That was when it really started to happen. If you’ve ever been a regular commuter you’ll know there is a strict set of unwritten rules governing behaviour: everyone has their preferred spot, so don’t take it; don’t talk beyond the basics, and if you have to, keep it quiet; keep your phone on silent, especially keyboard tones; and if you’ve got a runny nose, blow it, don’t sniff.

It takes time to learn the rules and be acknowledged by your fellow sardines. But after being squashed in together for a total of 27 hours the other commuters start to accept you as one of their own, and give you a curt nod or a grunt when they see you at the bus stop or train platform.

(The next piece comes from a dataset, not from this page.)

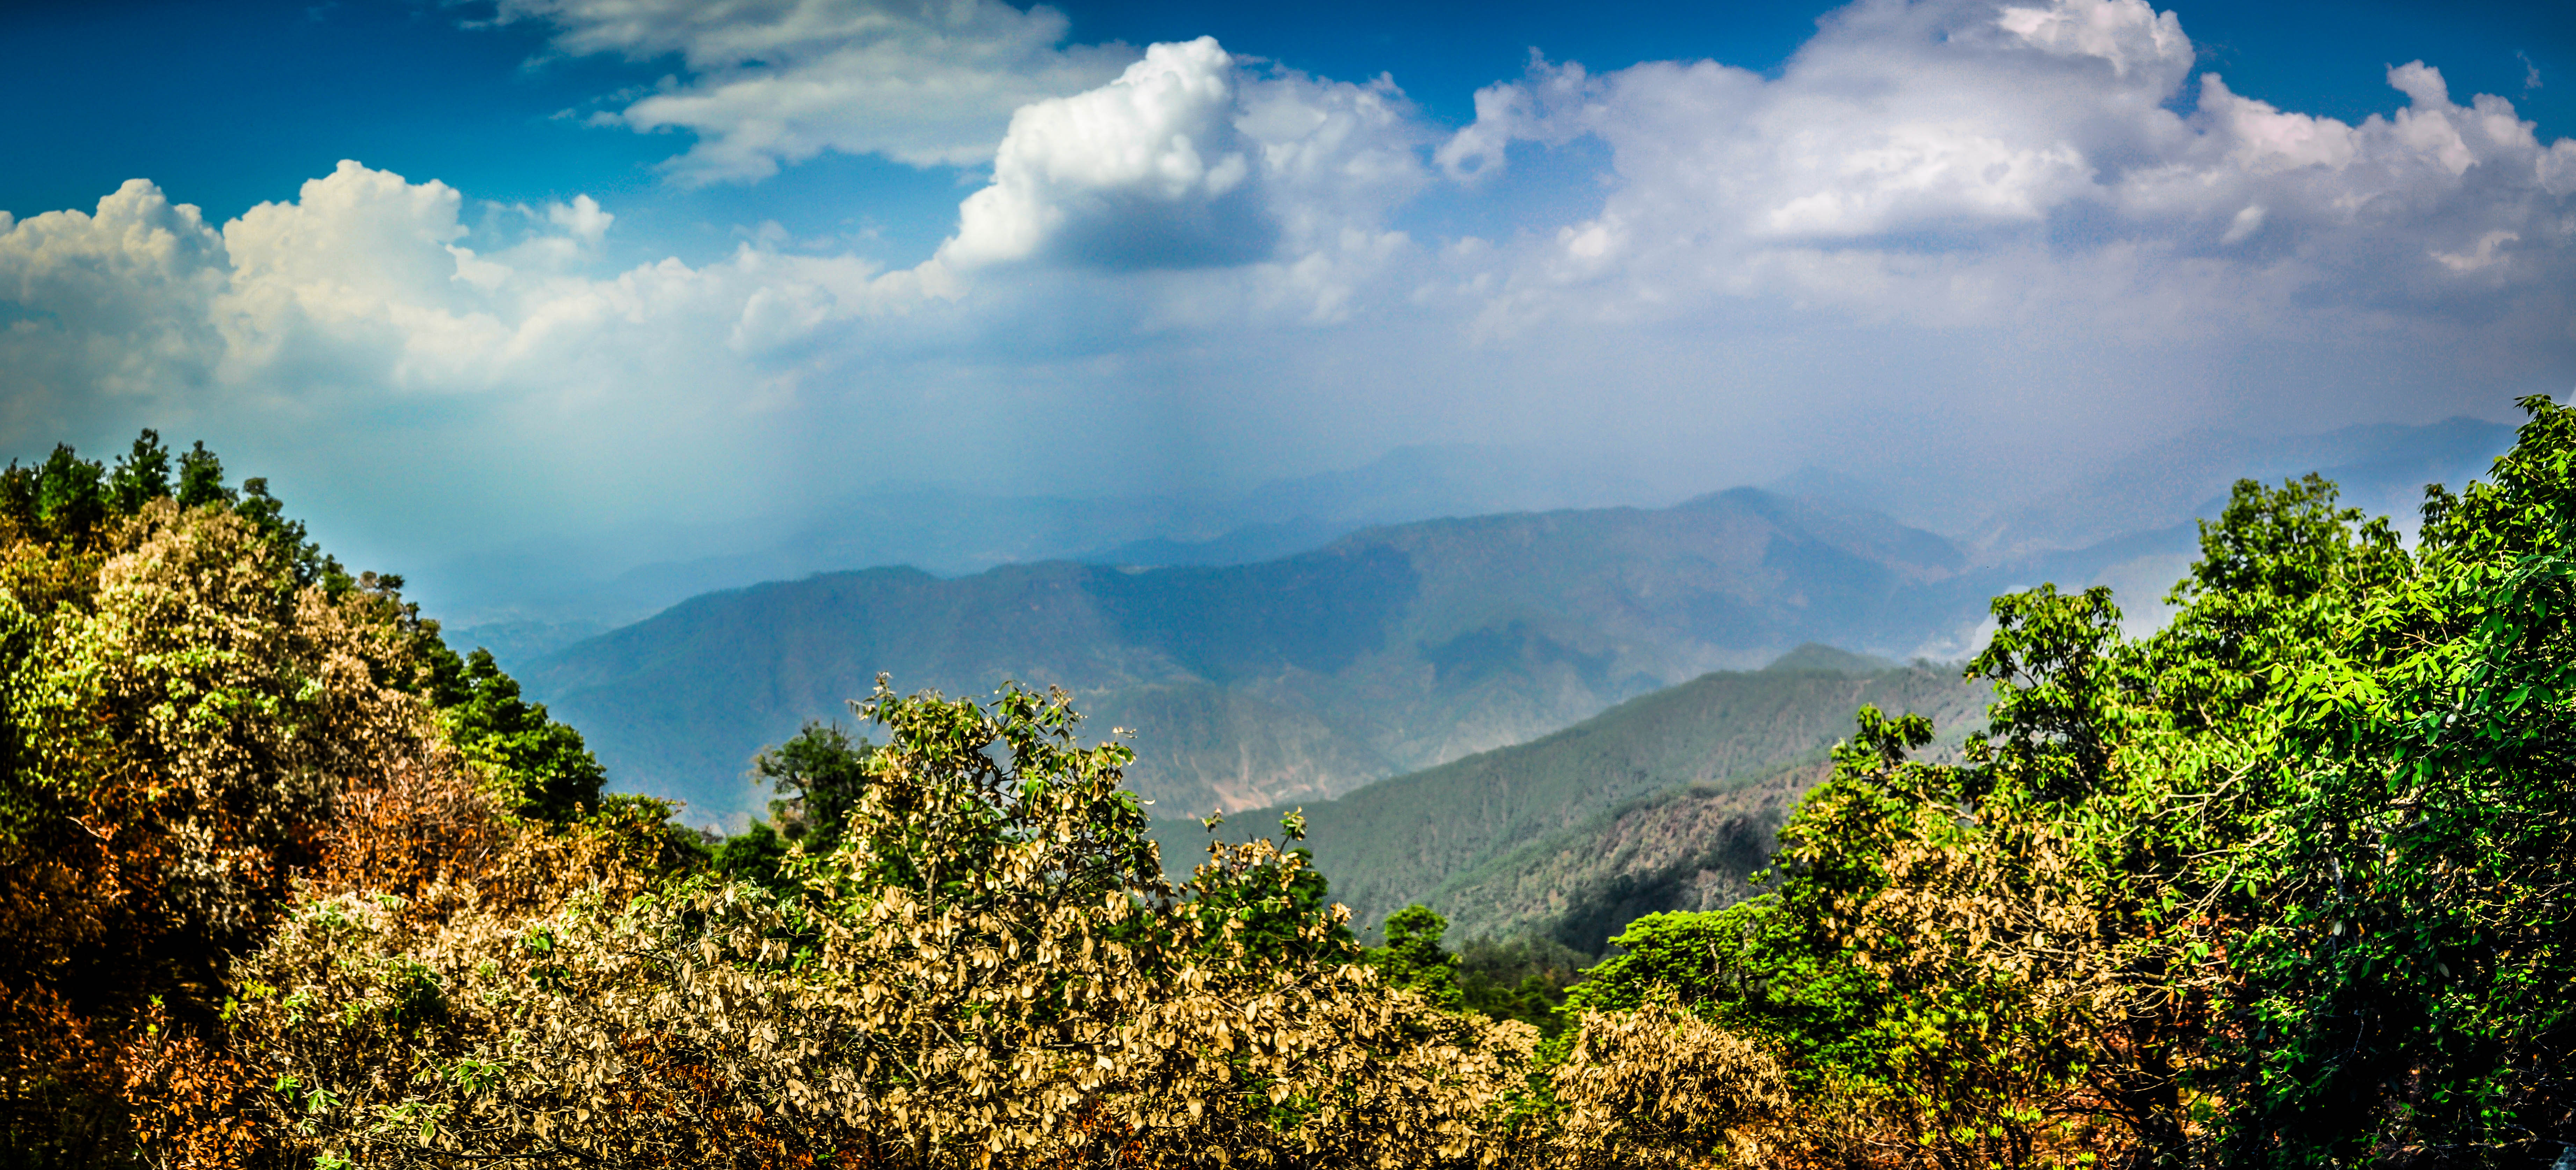 Binsar, Uttarakhand - A Fascinating Breakthrough. 6
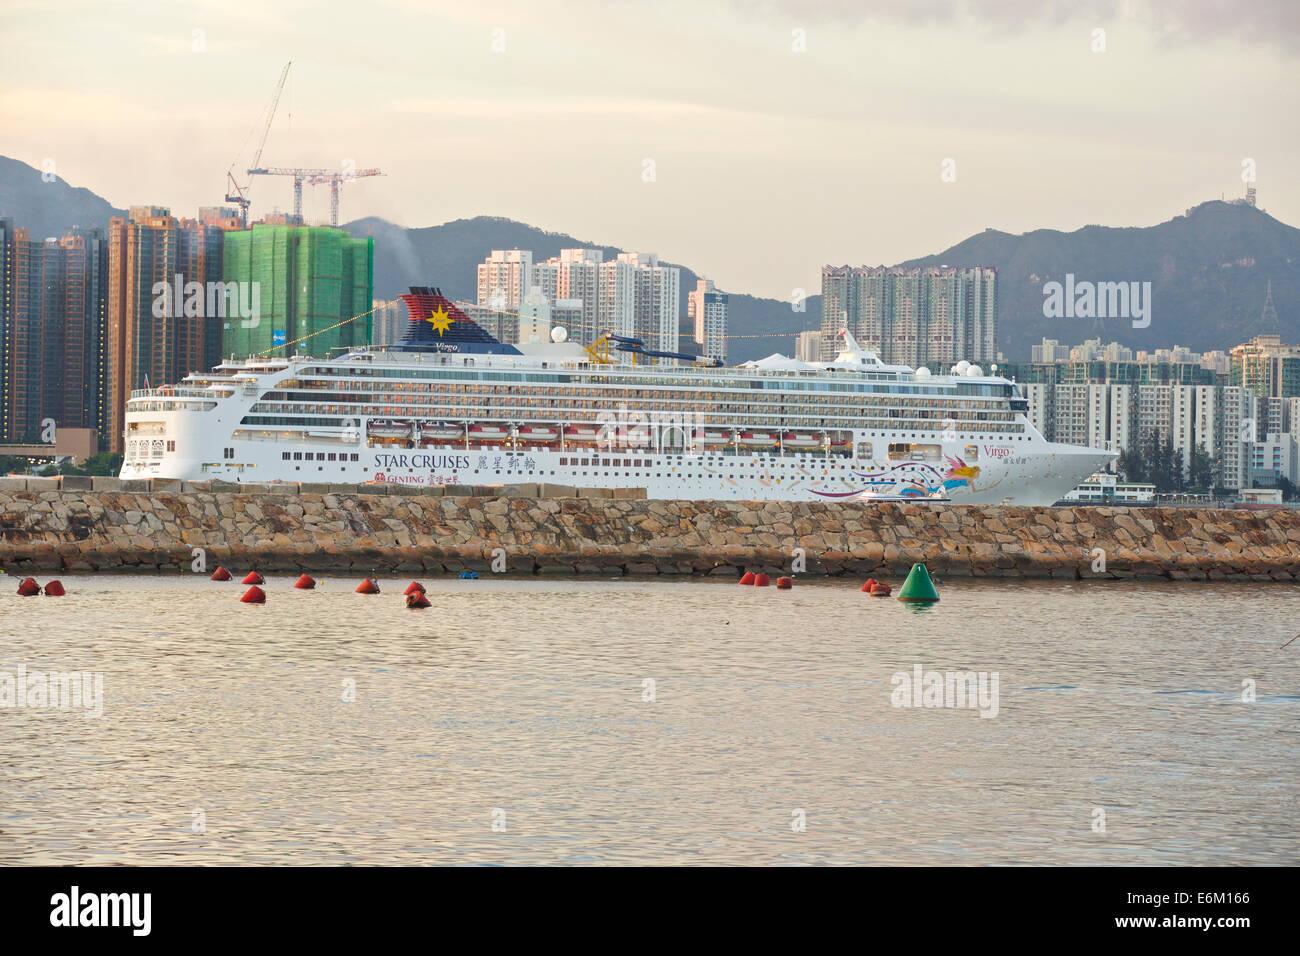 Cruise Ship Steaming Through Victoria Harbour. Causeway Bay, Hong Kong. Stock Photo

“No, hour 28 she smiled at me, not a big smile, not even with both sides of her mouth, but it was a smile,” Tim said.

“Sounds more like a smirk.”

“No, it was definitely a smile. No doubt.”

He knew it was a smile because, like all-important smiles, it started off small and grew and grew until hour 31, when it ratcheted up to a full-on beam.

“How’s the commute fairing up?” she inquired – a standard commuter question.

“Fine, thanks, fine. Getting to read a lot of books,” said Tim – a standard commuter response.

She smiled the smile and moved down the line.

“And then I knew that I’d made it.”

“What do you mean, she only smiled at you!” Chris said.

“No, no, THAT came later. I mean I’d made it as a commuter.”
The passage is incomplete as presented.